5. Practical recommendations
When in doubt, two strategies work well: (a) observe before acting — if possible, watch how locals greet each other nearby before engaging; (b) follow the Brazilian interlocutor's lead — if the person tilts their head and offers their cheek, initiate the kiss; if they seem to pause after the first, wait for their signal. In a formal professional context (business meeting, conference), a handshake is always a neutral and acceptable option, including between women. Do not comment on your interlocutor's 'wrong' number of kisses — explicitly correcting the ritual is perceived as more awkward than the mistake itself.
Historical origins
The cheek kiss greeting in Brazil inherits the Mediterranean culture of bodily proximity imported during Portuguese colonization (16th–19th c.). Economic regionalization in the 1950s–1980s differentiated norms: São Paulo (1 kiss, rapid urbanization and immigrant influence) vs. Rio de Janeiro (2 kisses, carioca tradition) vs. interior (2–3 kisses). Argyle (1988, Methuen) documents intra-cultural variability in tactile behaviors.
Practical recommendations
To do
- Observez ce que font les locaux et suivez leur exemple. Si quelqu'un tend la joue, répondez naturellement. Laissez généralement la femme prendre l'initiative. En contexte d'affaires formel à São Paulo, une poignée de main est souvent suffisante lors d'une première rencontre.
Avoid
- - Ne pas rire ou moquer protocole local - Ne pas imposer norme occidentale - Ne pas poser questions intrusives - Ne pas filmer sans permission
Neutral alternatives
Handshake (formal, especially between men or in business settings in São Paulo); nod with a smile if uncertain about the appropriate number of kisses.
Sources
- Argyle, M. (1988). Bodily Communication (2nd ed.). Methuen and Co.

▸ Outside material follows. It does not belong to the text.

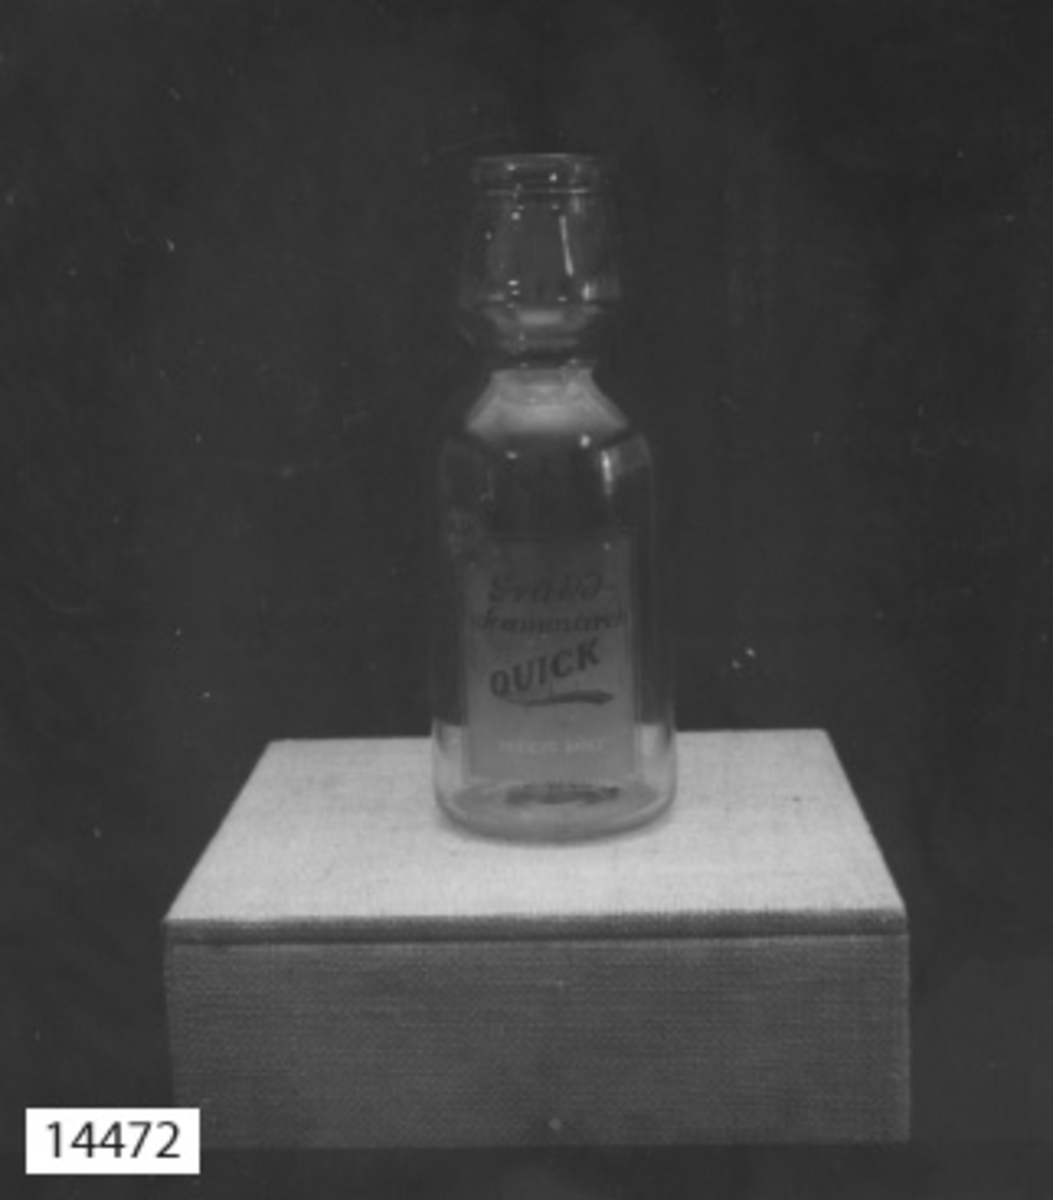 Gräddskummare, glas. har formen av en flaska med en "gräddhals". textat på glaset: Gräddskummare Quick. Patent sökt. M & W  A.-B. STOCKHOLM.

- Morris, D., Collett, P., Marsh, P. and O'Shaughnessy, M. (1979). Gestures: Their Origins and Distribution. Stein and Day.
- Axtell, R. E. (1998). Gestures: The Do's and Taboos of Body Language Around the World. John Wiley and Sons.
- Wikipedia EN. Cheek kissing. Retrieved 2026.
- Street Smart Brazil. (2023). How Many Kisses in Brazil? Regional Variation Guide. streetsmartbrazil.com. Retrieved 2026.